Thus, we are inclined to believe that on the one hand, we expect some forthcoming decades when national problems will stand sharply enough in different regions and countries, since the reasons for nationalistic and secessionistic conflicts are very diverse. But, on the other hand, the belief is growing that the national right to the self-determination has turned into the ‘opium for peoples’. As Mikhail Ignatieff puts it, the narcissism of small differences between ethnoses start to flourish, and the consolidating ethnic ideology forms almost the main resource for the revival of the violence today[25]. However, at the same time though inconsistently and with difficulty a negative attitude to the abuse of this right is being formed in the world public opinion. As a consequence, in our opinion the aggressive nationalism splitting gradually up the states and producing a threat to the world order must diminish. The disappearance of nations and national differences is out of question. As we see it, the process will develop in the right direction when national affairs, problems and relations come from the sphere of the highest politics and heated fights to the quieter level, as it happened with the relations among the different directions of Christianity in the majority of European countries.
Looking into the future
Turning our mind to the integration processes, one inevitably asks a question whether it is possible in any way and if it is, then in what way to reconcile various interests of hundreds of states having not only diverse culture but a great gap in the level of development. After all, the acceleration of development of the world and limited time for solving global and other problems do not allow waiting till the underdeveloped countries find their own way of development, because such a search may take centuries. The opinion makes a certain sense that supporting the advance to the overcoming of the backwardness may be achieved only through creating an effective market and an effective state. And what if the state institution is weak, as in Tropical Africa and some other places? And what should we do if the state is on the contrary strong enough to bar the fairly necessary changes (as in North Korea or Cuba)? And what should be done with the countries whose population and even elite are unable to understand global problems?

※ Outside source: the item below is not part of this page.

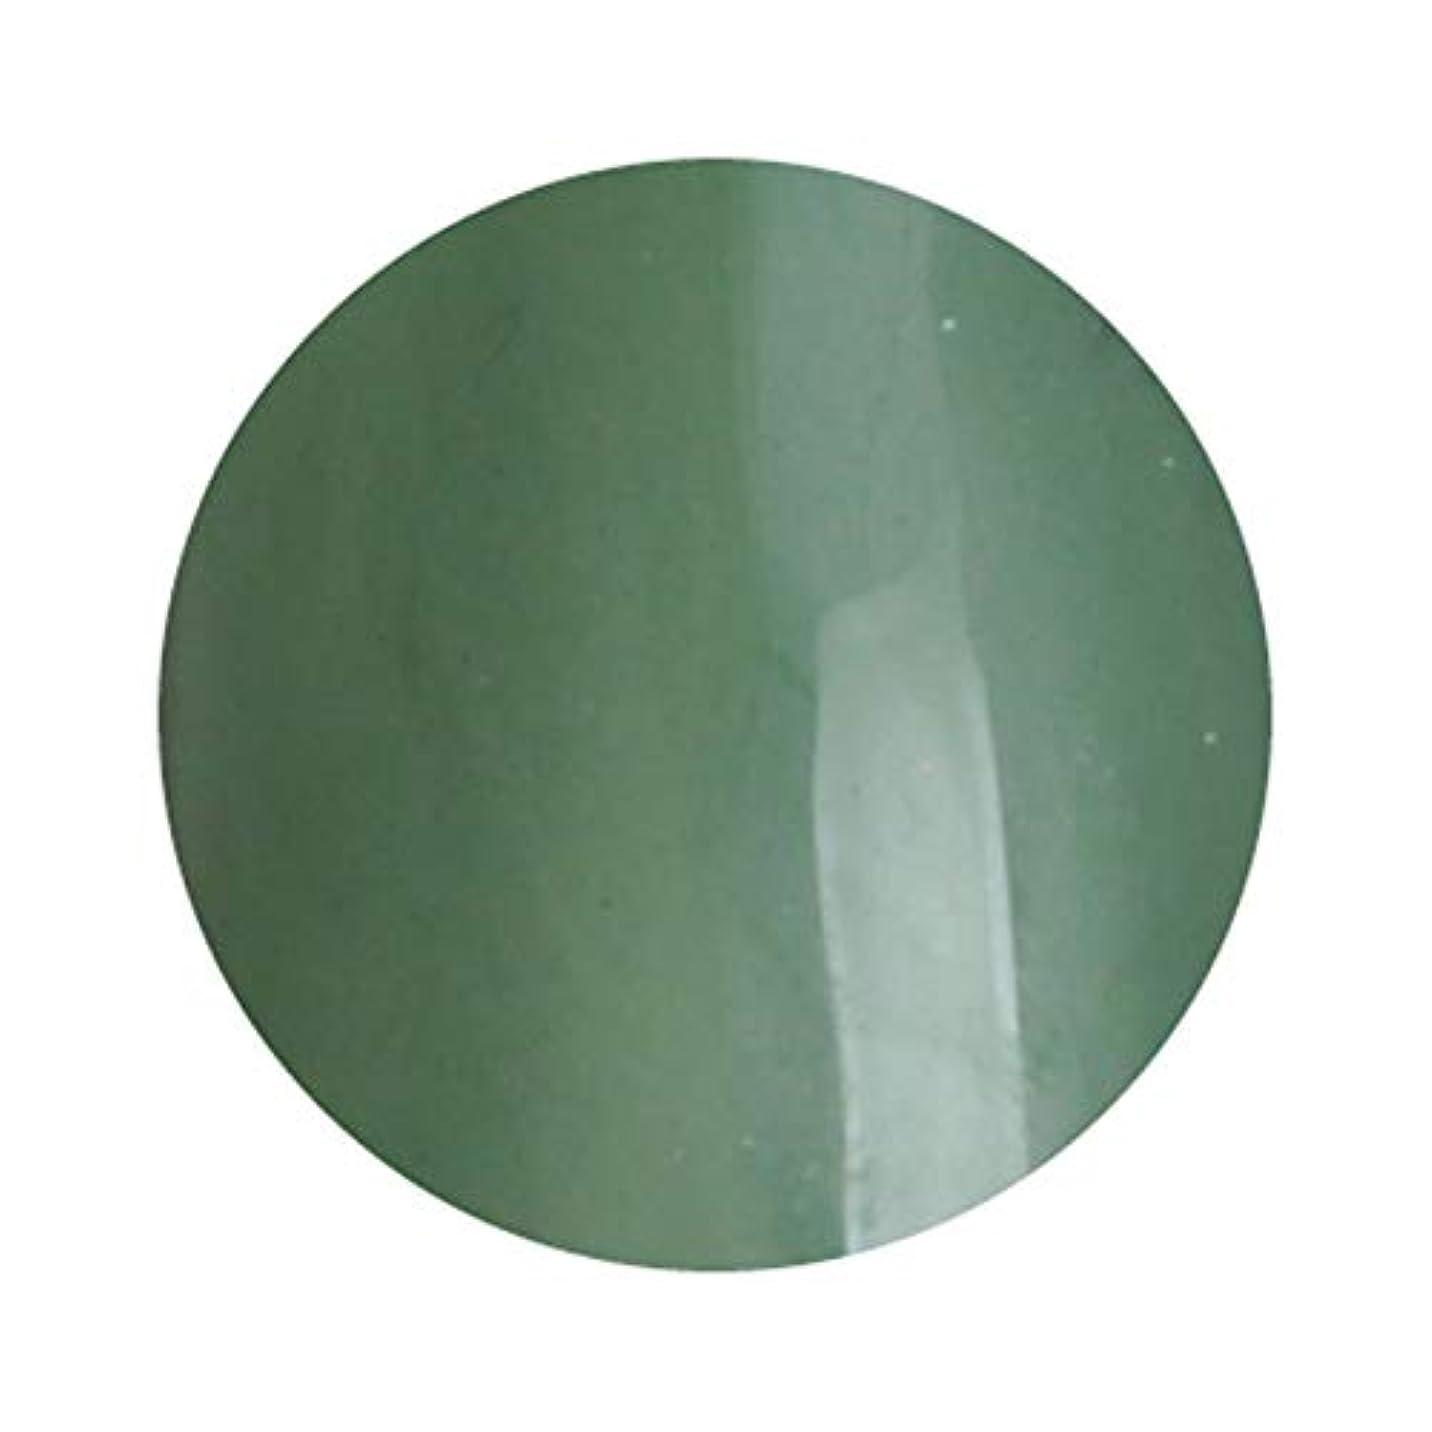 反響する指定する決定的T-GEL COLLECTION ティージェルコレクション カラージェル D234 クリアカーキ 4ml

Therefore, in our view, the problem passes to the suprastate level and is connected with the transformation of sovereignty and with the external influence on those countries, within which there is no power for independent changes. But we are convinced that whatever mild is such an influence from outside would be, it will somehow affect sovereignty. Its limitation in our opinion has two levels. On the one hand, the developing countries are themselves ready to unite into regional communities to assert their interests together and solve problems. On the other – they are connected with the global confrontation between various developed and developing countries (the North – South problem).
Here is an example of changes at the first level. The regional organizations in Africa, South-East Asia and Asian-Pacific region, as well as in Latin America after the Iraq events accepted a new stricter policy concerning terrorism and the use of weapons of mass destruction. However, they prefer to solve these problems in their own way on their own territory and by means of independent peacemaking organizations which they also develop themselves. But at the same time they start to search for the means to minimize the risk of the violent American invasion and also of the USA using the tactics ‘share and rule’ against the regional members[26].
On the second level a dialogue between the countries' communities (e.g., EU and groups of African countries) becomes more active. But the main thing here is that there are significant reasons, which, we believe, can force the developed countries to speed up the development of the most underdeveloped countries of the world more actively in the medium-term perspective.
First of all the matter concerns global problems. They touch the whole World community, therefore, the Western interest in their solution in the underdeveloped countries will be surely increasing. And it seems the latter in their turn will have to limit sovereignty in this or that way to fit general rules. For instance, we take the risk of supposing that as demographic and ecological problems are closely connected, probably, the regulation of population level will gradually become not only national, but also a common matter. But to solve a lot of common problems it is necessary to become aware of the fact that development cannot always widen what requires a voluntary reducing in consumption and also the mechanisms capable of forcing the majority of countries to accept such limitations. As D. Bell figuratively mentions, we have advanced enough to be capable of realizing a new vocabulary, where a key word will be limit[27].The limits of the rise, plundering of the environment, interference in the animate nature, armament limit etc. It seems quite probable that there will be allocation of rates of the economic growth in future, as without it other limitations seem impossible to reach.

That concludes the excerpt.